La mise en situation fait apparaître l'ambiguïté d'un « crime » comme quête perpétuelle d'identité individuelle et collective et celle d'un « lieu » où il lui est impossible de trouver à s'y fixer sans toutefois pouvoir s'en détacher. La voici condamnée à se rejouer dans des instants de mémoire qui périodiquement crèvent l'oubli.

NOTES

(1) Projet présenté dans le cadre de Mémoire Vive par Dare-Dare en collaboration avec le Centre d'histoire de Montréal, juillet 2002
(2) Parmi les travaux de l'artiste, notons ses projections sur la colonne Nelson du Trafalgar Square à Londres en 1985. Voir Marie-Anne Sichère (dir.), Krysztof Wodiczko, art public, art critique, textes, propos et documents. École nationale supérieure des Beaux-Arts, collection Écrits d'artistes, Paris, 1995.
(3) Sur le modèle de la colonne impériale de Trajan, le monumenl relate un fait important de l'histoire mondiale. C'est lors de la bataille de Trafalgar qu'en 1805 l'Amiral Nelson perd la vie bien qu'assurant la victoire de l'Empire britannique sur la flotte napoléonienne. Au plan local, cet événement met ainsi fin à tout espoir d'une reconquête de la colonie par la France.
(4) Il ne subsiste que très peu de bâtiments datant du régime français dans le Vieux-Montréal.
(5) Dépose de la statue en 1997 et travaux de restauration en 1998-1999.

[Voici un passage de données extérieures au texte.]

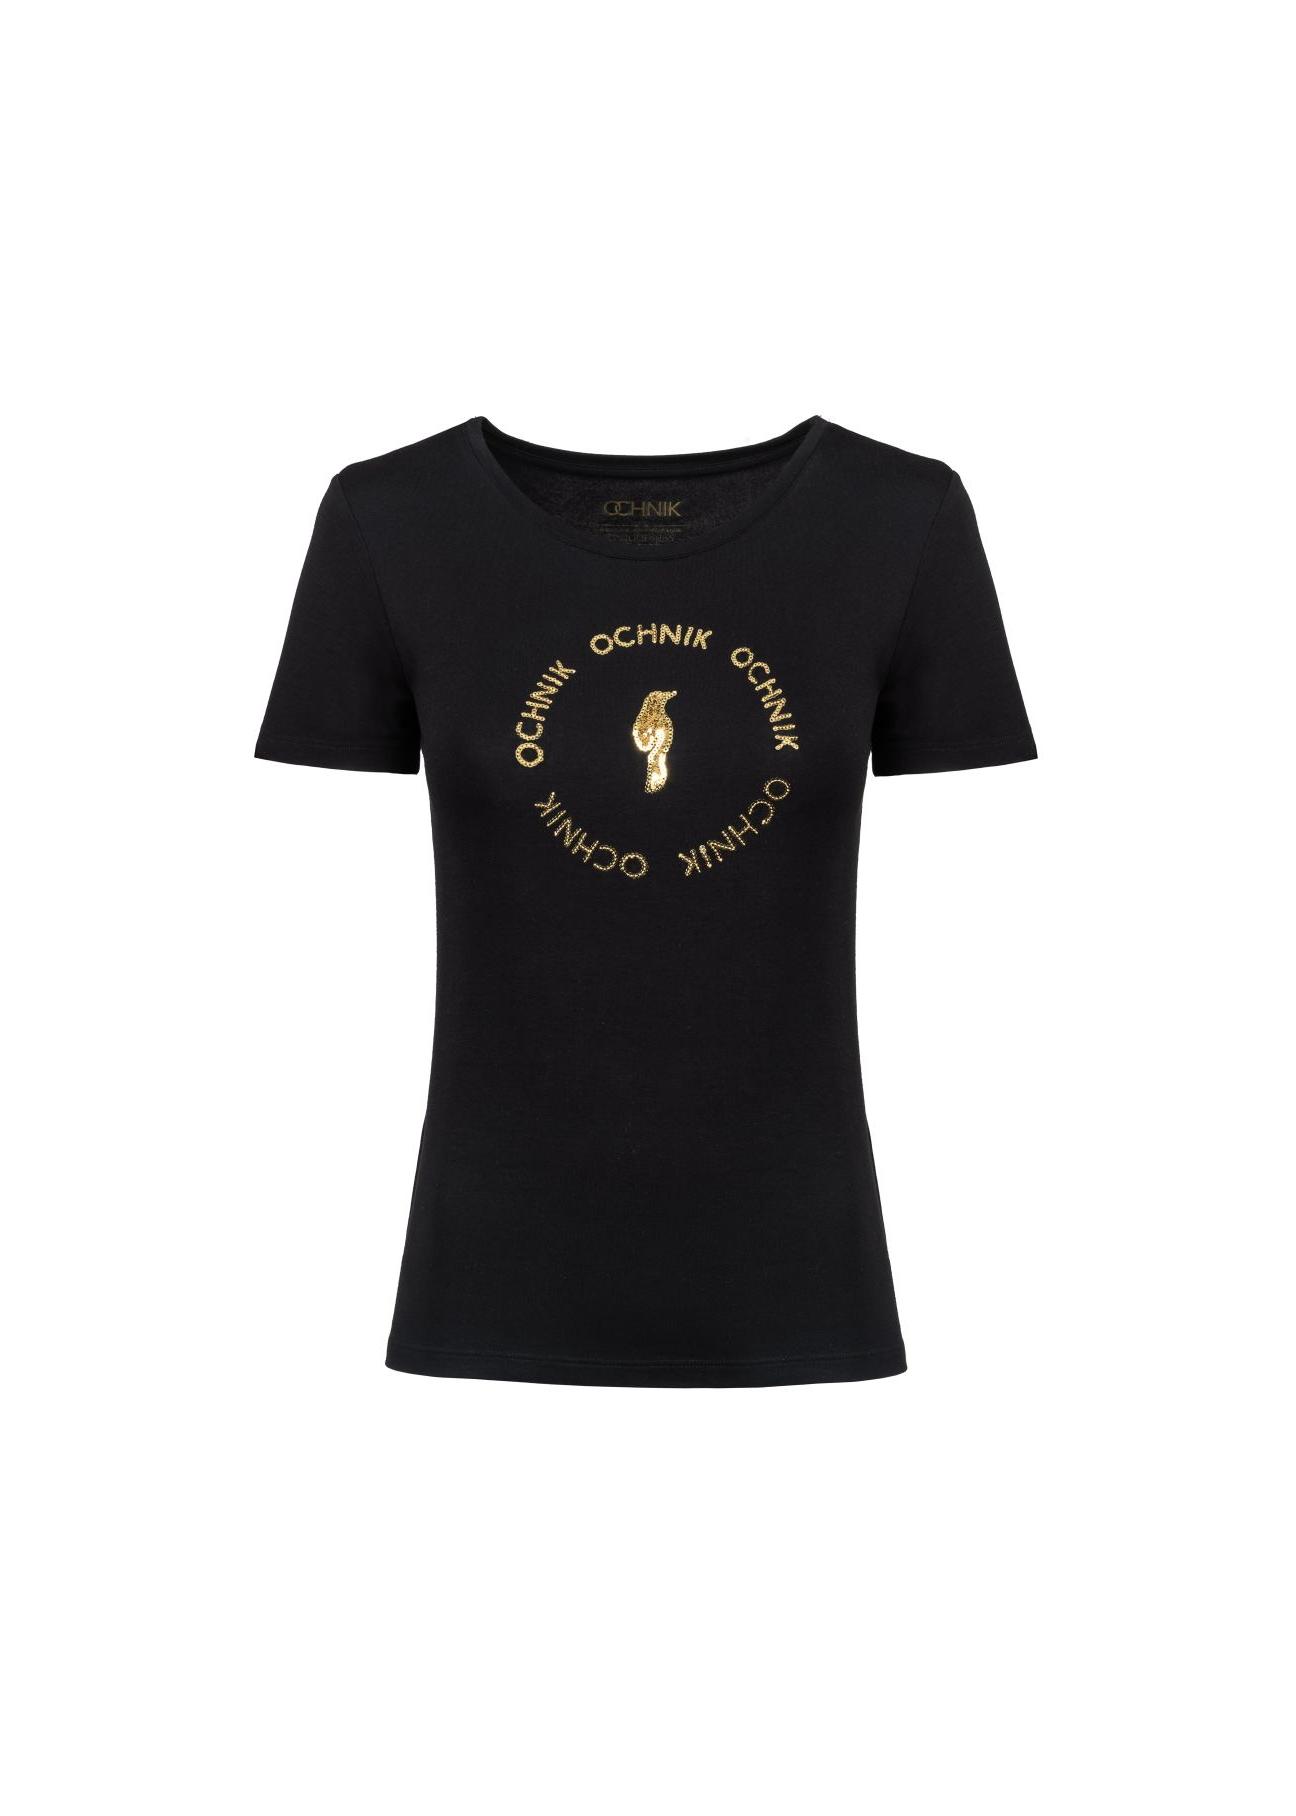 Czarny T-shirt damski z aplikacją TSHDT-0071A-99(Z23)

(6) Il est étonnant de constater à quel point le mythe de Nelson continue de fasciner le monde anglophone, comme on peut rapidement le constater sur Internet. L'histoire romancée de l'Amiral incarnée par Vivien Leigh et Laurence Olivier dans That Hamilton Woman nourrit encore les imaginaires. Même Susan Sontag n'a pu résister à romancer l'histoire du Volcano Lover. Il faudrait la plume d'un Garcia Marquez pour raconter comment, de la commande à la réalisation et durant sa vie publique, une chaîne de personnages hauts en couleur nourissent le monument de leur propre imaginaire. C'est dans une suite aussi rocambolesque que l'on pourrait relater comment la statue originale de Nelson fut finalement remplacée par une copie (« clonée » au grand désespoir de certains, par un sculpteur de l'ancien régime Causescu...). S'étant vue refuser l'accès au Marché Bonsecours, c'est après un purgatoire d'un an à l'usine de filtration des eaux de la Ville pour calmer les tensions politiques que la statue se retrouve sur le plancher du Centre d'histoire de Montréal, ce qui attira l'attention de Mathieu Beauséjour. Sa première intervention fut de réhabiliter le mythe de l'Amiral en réinstallant la statue sur un socle rehaussé à la feuille d'or.
(7) L'artiste a utilisé une traduction de la sentence rapportée dans La Patrie du 18 janvier 1894. Il est intéressant de mentionner que parmi les quatre accusés figurait le fils du premier ministre du Québec, l'Hon. H. Mercier. L'incident ici rapporté s'inscrit dans une longue tradition de contestation de l'existence du monument.
(8) Catherine Grout utilise cette expression pour rendre compte de l'expérience d'une œuvre rencontrée sur notre parcours quotidien, en décalage avec son environnement, usant d'humour et d'ambiguïté dans ses stratégies de visibilité. Catherine Grout, Pour une réalité publique de l'art, L'Harmattan (Esthétiques), Paris, 2000, p. 12.
(9) L'ambiguïté en regard de la légalité du geste (la sculpture va-t-elle être retirée ? volée ?) crée une tension dramatique qui rend le moment de la réception d'autant plus intense que l'on pressent l'éphémérité de l'installation.
(10) Brian S. Osborne, Constructing landscapes of power : the Georges-Étienne Cartier monument, Montreal, Journal of Historical Geography, 24.4, 1998, p. 443.